Well, for sure, it is a weakness - the degree of seriousness depends on the banking group, depends also on whether they have been the product of a previous merger for example: groups that develop by merging a number of entities and then did not make sure that the IT of the different entities was consolidated at the appropriate level, and did not talk to each other. That’s an issue, a source of problems, of course.

The issue is also due to the fact that we have had a long crisis and during the crisis, IT was not the top priority of the banks. Maintenance of IT was not the top priority. Then after the crisis, if the banks were burdened with NPLs, if the banks had profitability issues, well it was also not exactly the top priority to invest in IT. So now it is definitely the time, like for NPLs, to be serious about it and to make the appropriate investment. And outsourcing can be used for certain elements but it’s not the global solution of the problem. Banks have to be in the driving seat for IT products, systems and procedures.

Given these difficulties and failings in the banks; given the particular situation here; and given the widespread human misery here caused by bank failures, do you think bankers are justified in asking as they did at the AGM of AIB, for bonus payments to be restored, bonuses which have been blocked by the government here since I think, 2010. The bankers were getting great big bonuses before the crisis and they want them back now. Do they deserve them?

Well that’s why we needed a regulation on bonuses and compensation packages. Because they were really incentivised to take risk without considering what could happen with this risk. So now we have a good regulation in place; and is it the moment right now to think about restoring bonuses when you still have work to do to clean the balance sheets before the next crisis? Definitely not, in my view.

So the government should hold the line there and oppose them?

Well a number of banks need to get authorisation, … they need to get authorisation from the Supervisory Board of the SSM to deliver these bonuses or to pay dividends because we consider that they are not strong enough to be doing that. So these banks will have to ask for authorisation and they are likely not to get it. I can’t speak for the Supervisory Board because it is a board with 25 members and will decide through majority of the votes but knowing my colleagues I have not much doubt on the outcome of such a discussion.

So whatever the banks want, they have to work for it?
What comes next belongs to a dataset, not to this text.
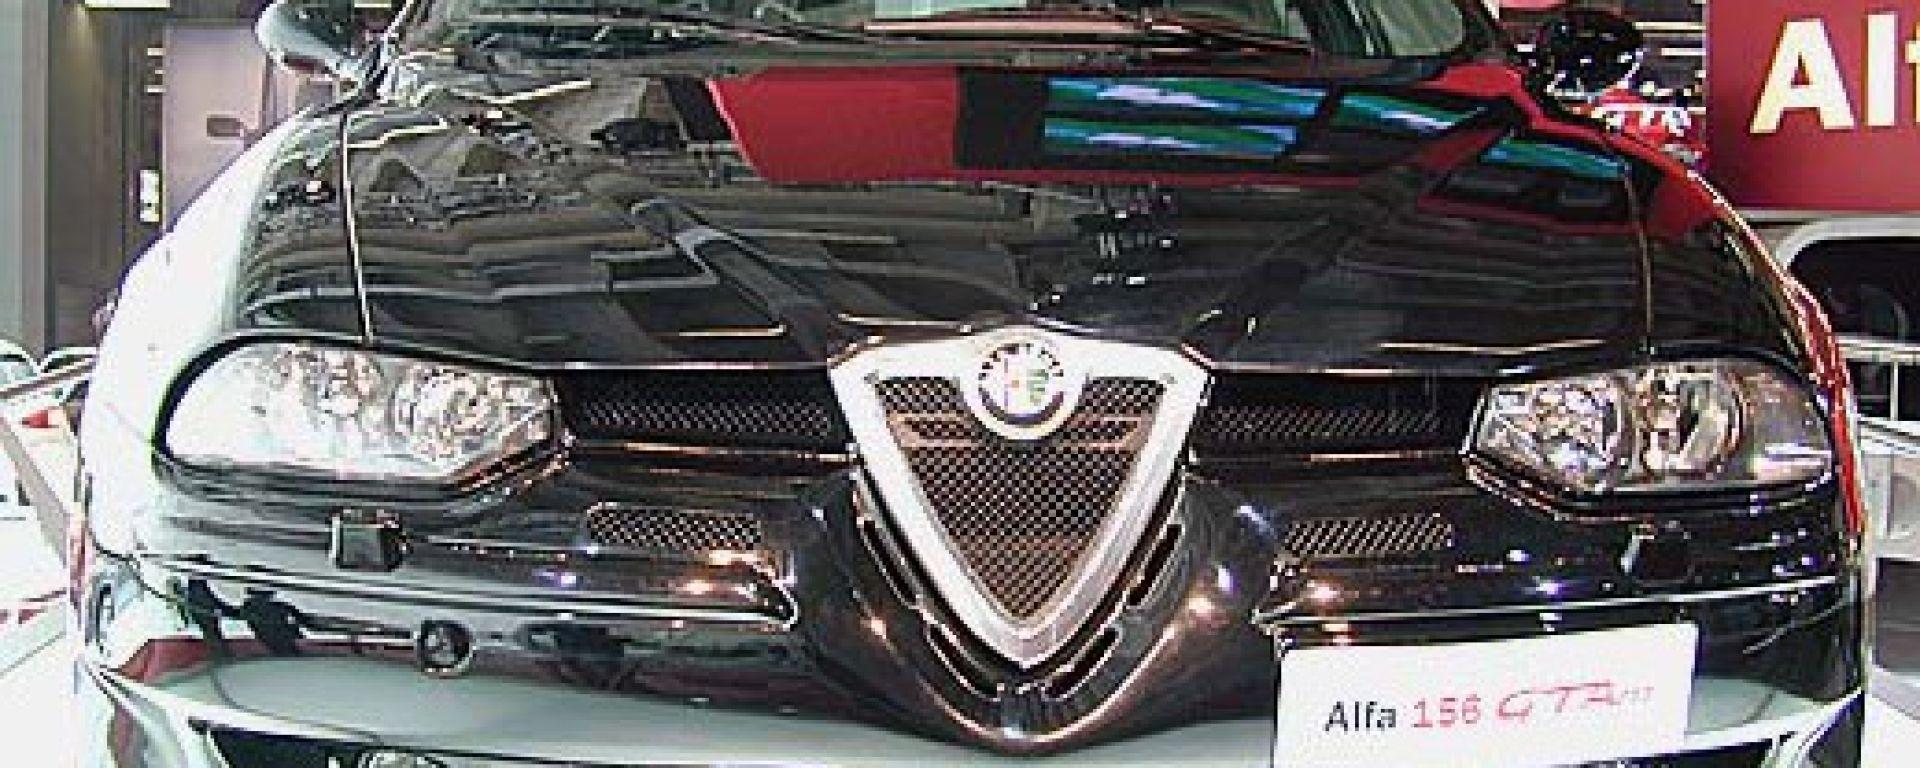 Alfa Romeo 156 GTAm

Exactly. When they have addressed the legacy of the previous crisis, totally and fully, then they can consider compensation for these outcomes. And if they are to improve the situation of the staff working in the banks, it’s definitely to give good incentives to people to address NPLs - so the people working on NPLs, for example, are the ones that should get bonuses, or those who are working on the previous weaknesses, are the ones who should get the bonuses. And for the time being not the ones developing the risk of the bank.